Article Preview
Top1. Introduction
The past few years, from social networks to E-commerce and the Web application, have seen tremendous interests in big data analytics (Wang et al., 2015; Xu et al., 2015; Srinivasa & Bhatnagar, 2012; Raghupathi & Raghupathi, 2014; Wu & Pei, 2015; Fiorini et al., 2016; Oide et al., 2017; Kulkarni et al., 2016), as data volumes in both industry and research continue to outgrow the processing speed of individual machines. With big data processing, the stateful data analytics has drawn significant attentions recently, wherein the results of data analytics are determined not only by the algorithm logic and the inputs, but also the “state” of system. For example, Internet search engines keep the previous URL ranking score as the state, so that they can update the results against the rapidly evolving web pages incrementally rather than re-computing from scratch (Logothetis et al., 2010). The stateful data analytics frameworks are expected to provide fine-grained and low-latency state access and scale with the large state size. Recent research has been focusing on developing new programming models and systems for state management to partially or completely fulfill these requirements (Salloum et al., 2016; To, Soto & Markl, 2017; Bhatotia et al., 2011; Castro Fernandez, Migliavacca, Kalyvianaki & Pietzuch, 2013; Fernandez et al., 2014; Gunda, Ravindranath, Thekkath & Zhuang, 2010; Murray et al., 2013). For example, Naiad (Murray et al., 2013) and SEEP (Castro Fernandez, Migliavacca, Kalyvianaki & Pietzuch, 2013) support computation over the state stored the local disk. Nectar (Gunda, Ravindranath, Thekkath & Zhuang, 2010) saves the previous results to derive the new one, but the proposed method does not provide fine-grained state access. SDG (Fernandez et al., 2014) and Piccolo (Power & Li, 2010) offer the full-fledged stateful data analytics functionalities with the imperative programming models.

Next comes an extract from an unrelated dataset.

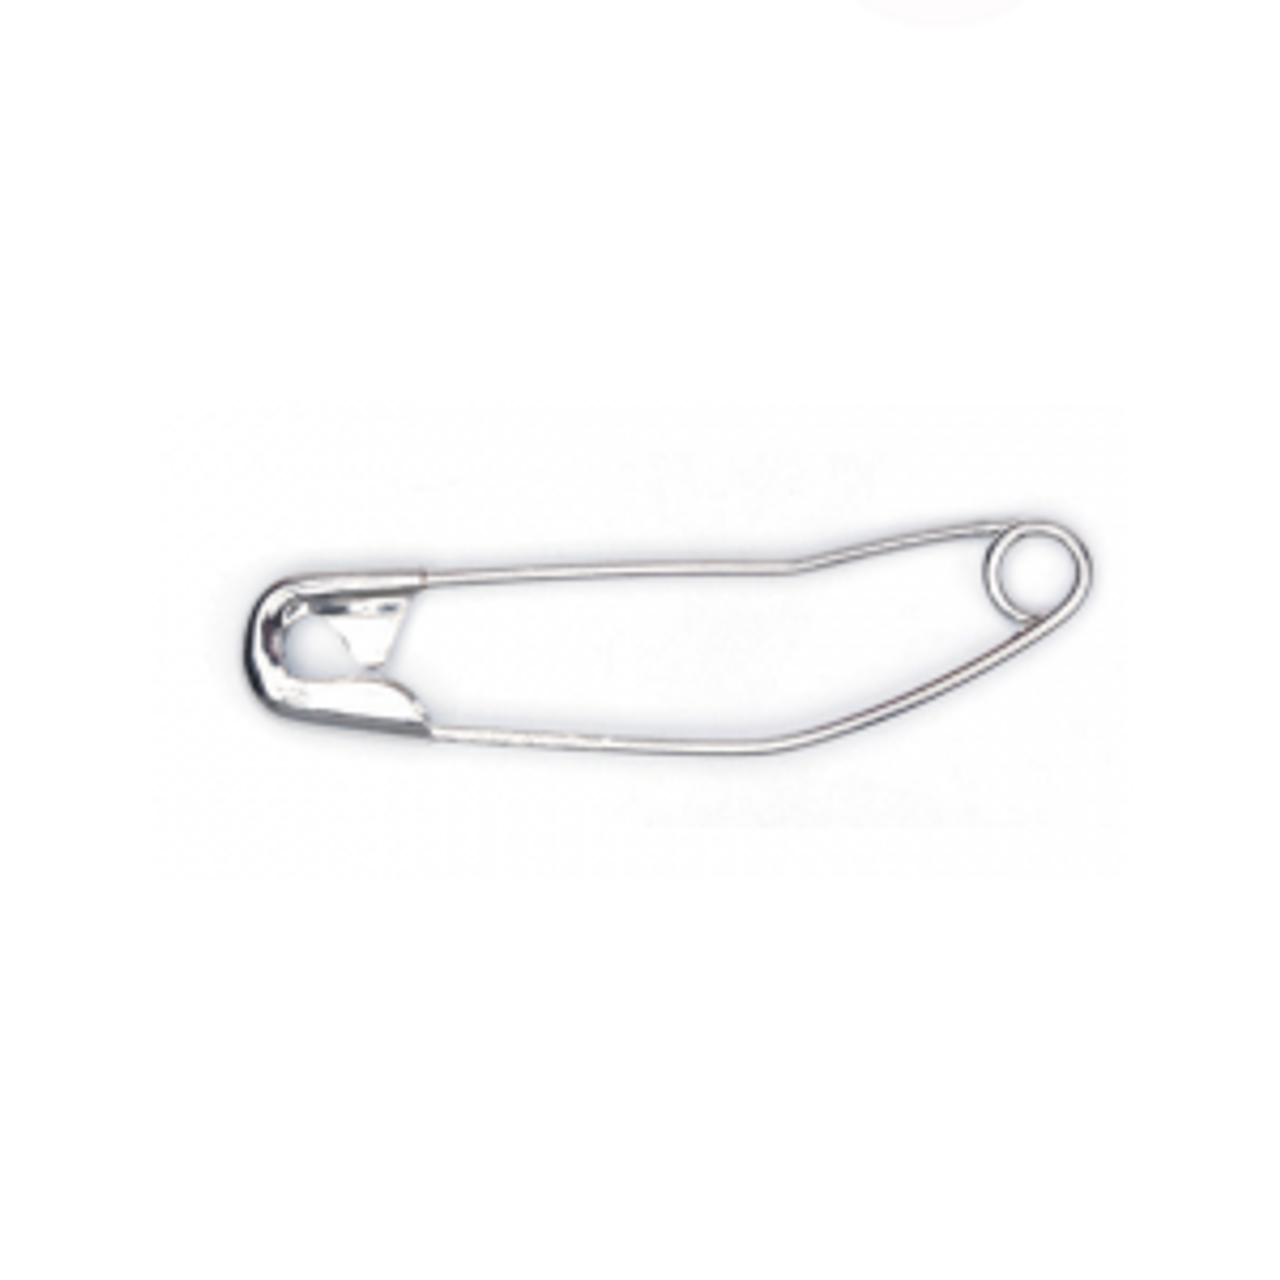 Single Basting Pin (Curved Safety Pins) by Hemline 38mm

As above described, there have been some research works to achieve stateful data analytics. These efforts can be classified into two categories, the new frameworks and the refactored stateless frameworks. For the new frameworks, the representative work like Naiad (Murray et al., 2013) and SEEP (Castro Fernandez, Migliavacca, Kalyvianaki & Pietzuch, 2013) adopt graph- and operator-oriented programming model respectively, but they cannot scale to the large state size beyond the capacity of a single host. The other representative studies in this direction include SDG (Fernandez et al., 2014) and Piccolo (Power & Li, 2010). Both of these two works adopt the imperative programming model and support large state in distributed environment.